YOUR TASK: Copy out the data word for word, without any of its pictures.

#### DATA EXTRACT ####

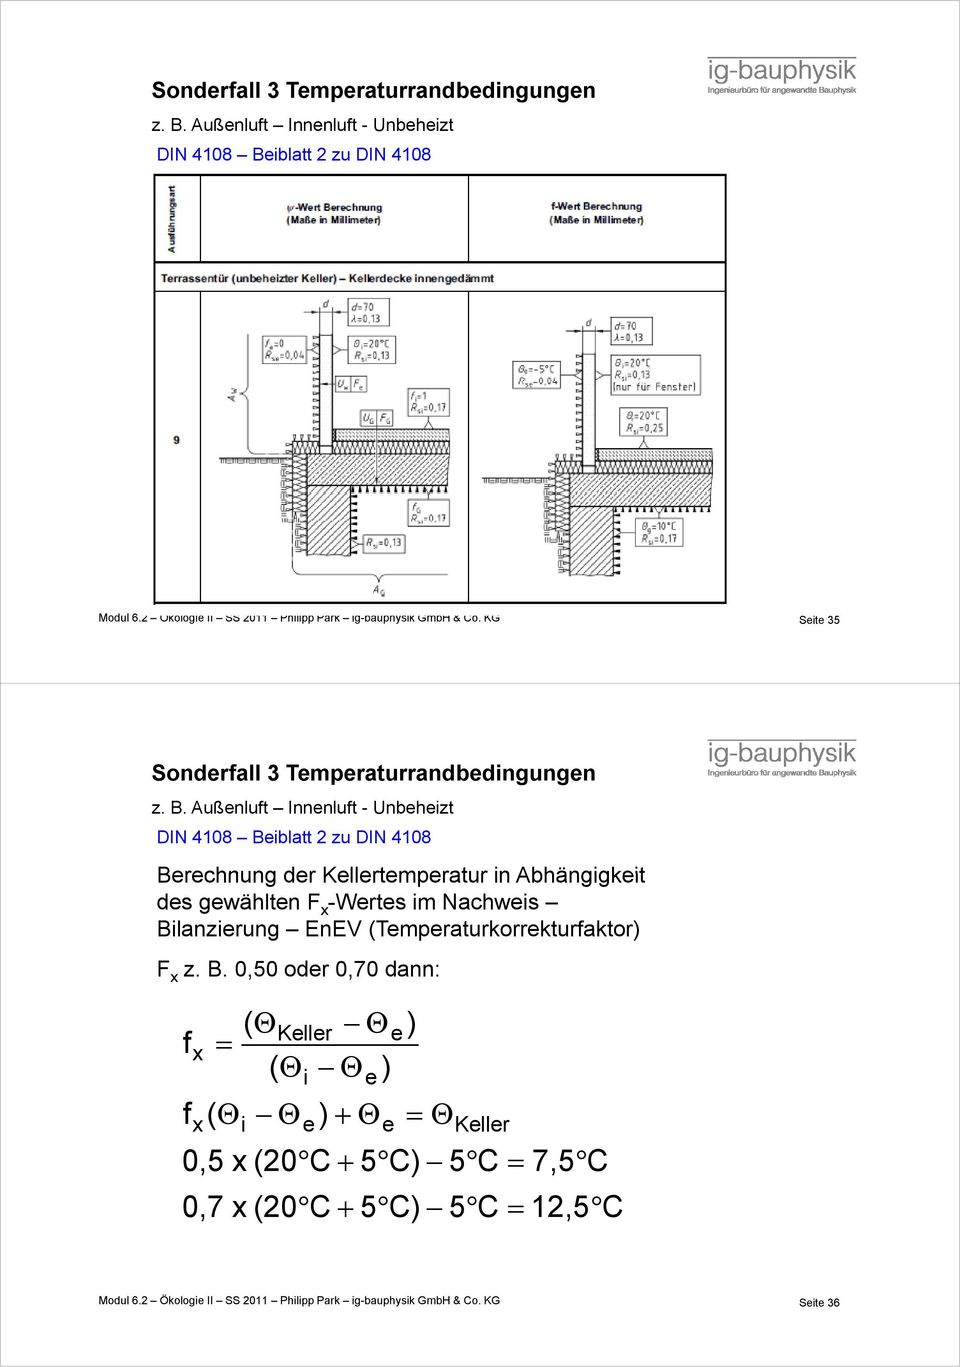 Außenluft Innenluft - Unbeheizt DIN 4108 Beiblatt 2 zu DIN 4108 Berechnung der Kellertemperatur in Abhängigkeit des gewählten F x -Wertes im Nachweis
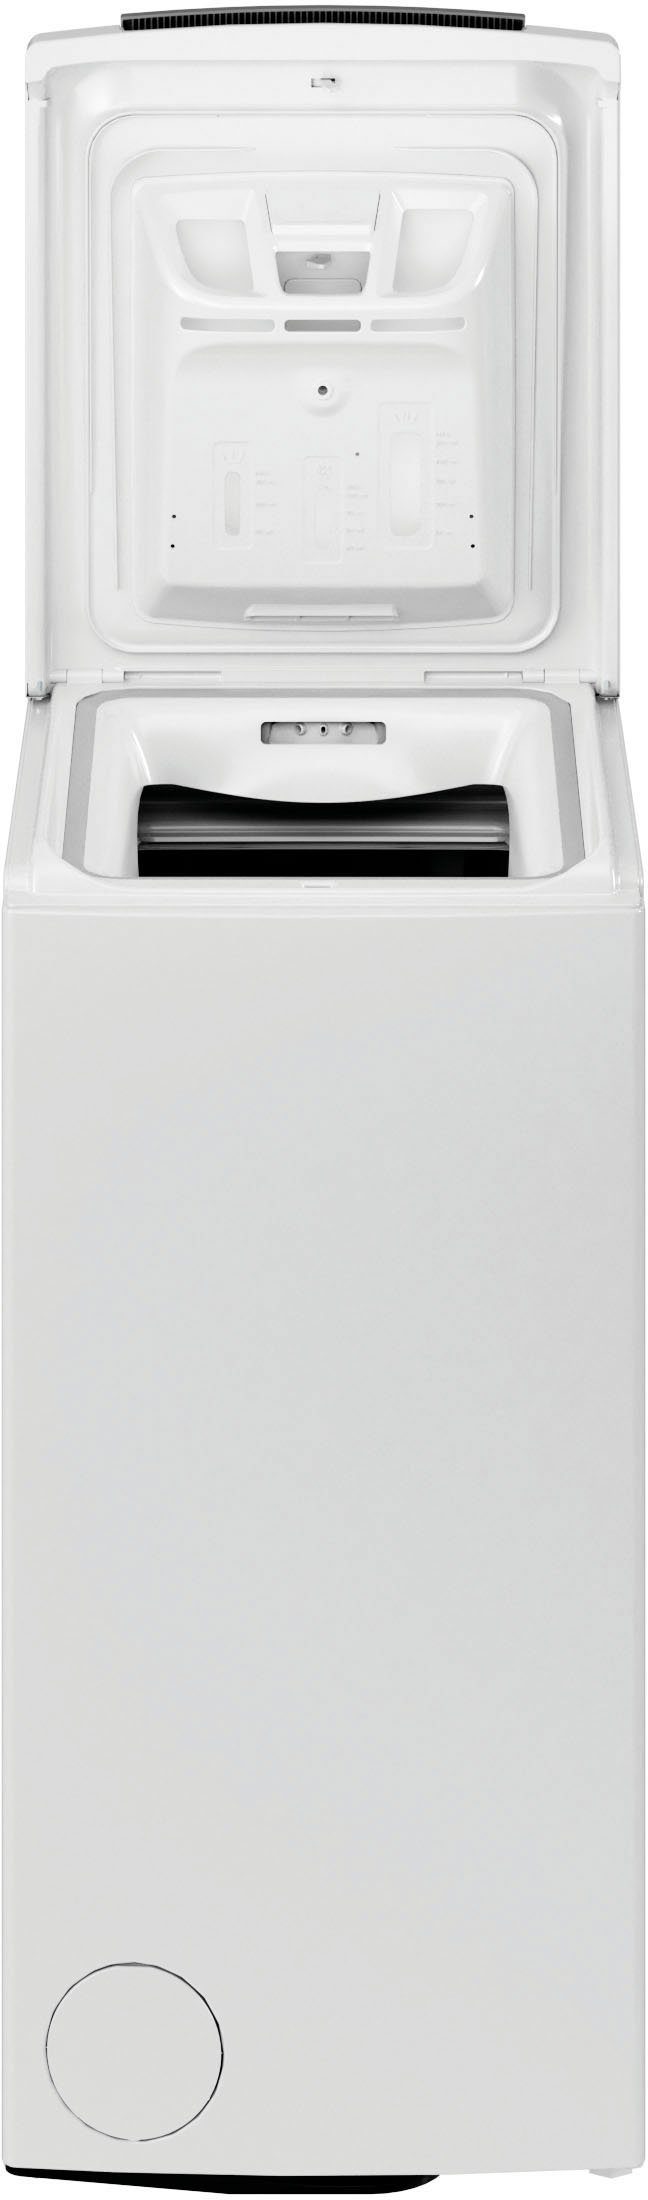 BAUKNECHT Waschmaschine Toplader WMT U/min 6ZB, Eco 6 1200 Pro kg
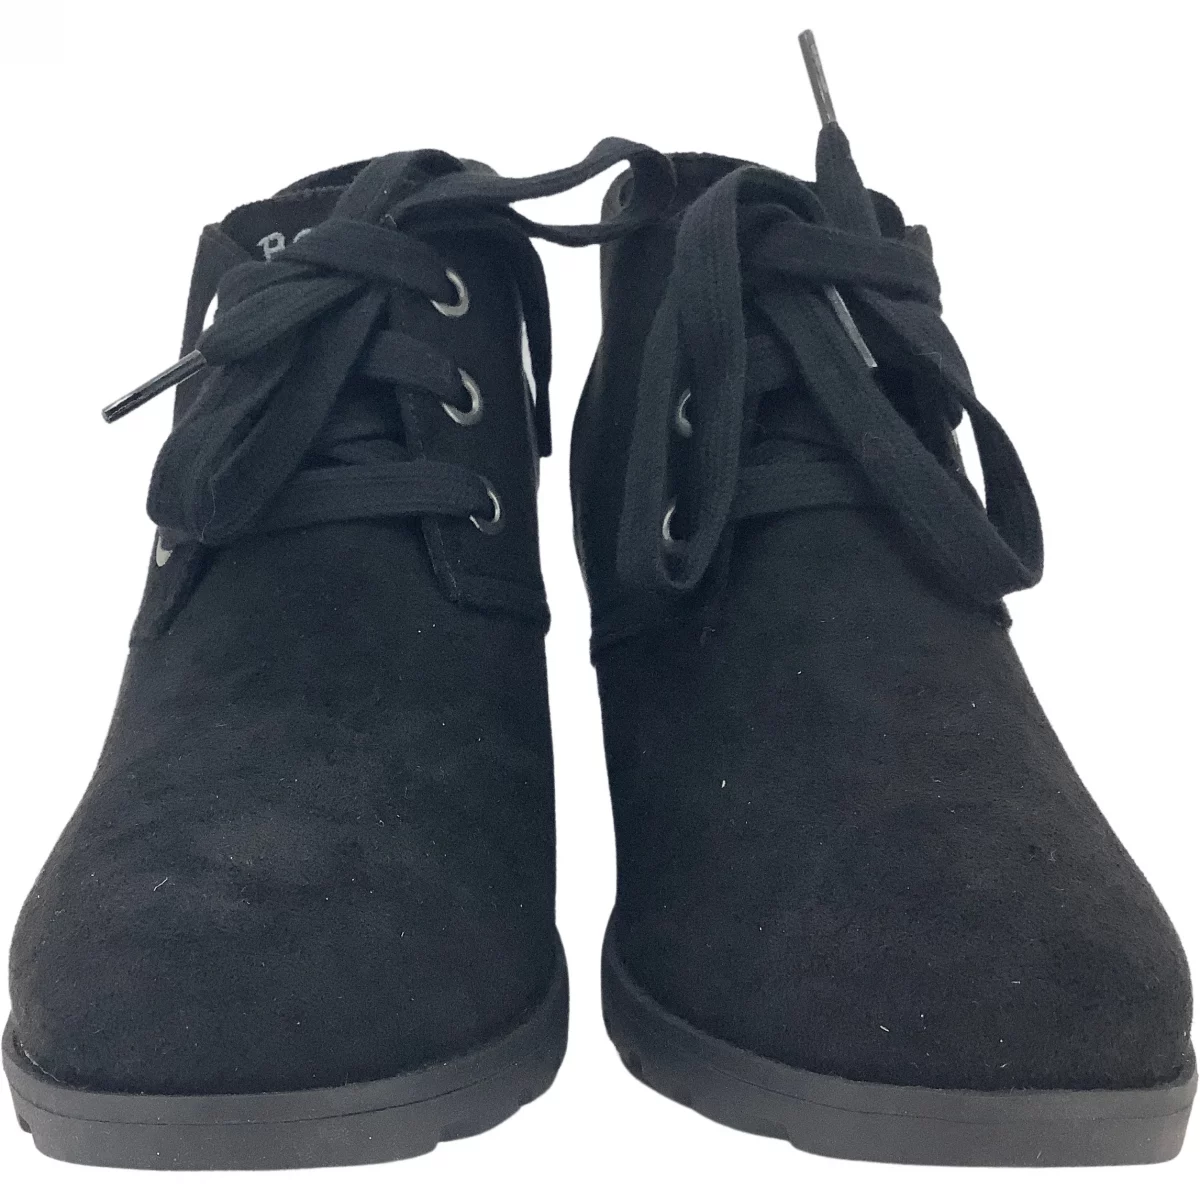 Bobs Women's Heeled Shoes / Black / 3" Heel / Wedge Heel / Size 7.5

####

TASK SOLUTION:
 Außenluft Innenluft - Unbeheizt DIN 4108 Beiblatt 2 zu DIN 4108 Berechnung der Kellertemperatur in Abhängigkeit des gewählten F x -Wertes im Nachweis
 BAUKNECHT Waschmaschine Toplader WMT U/min 6ZB, Eco 6 1200 Pro kg
 Bobs Women's Heeled Shoes / Black / 3" Heel / Wedge Heel / Size 7.5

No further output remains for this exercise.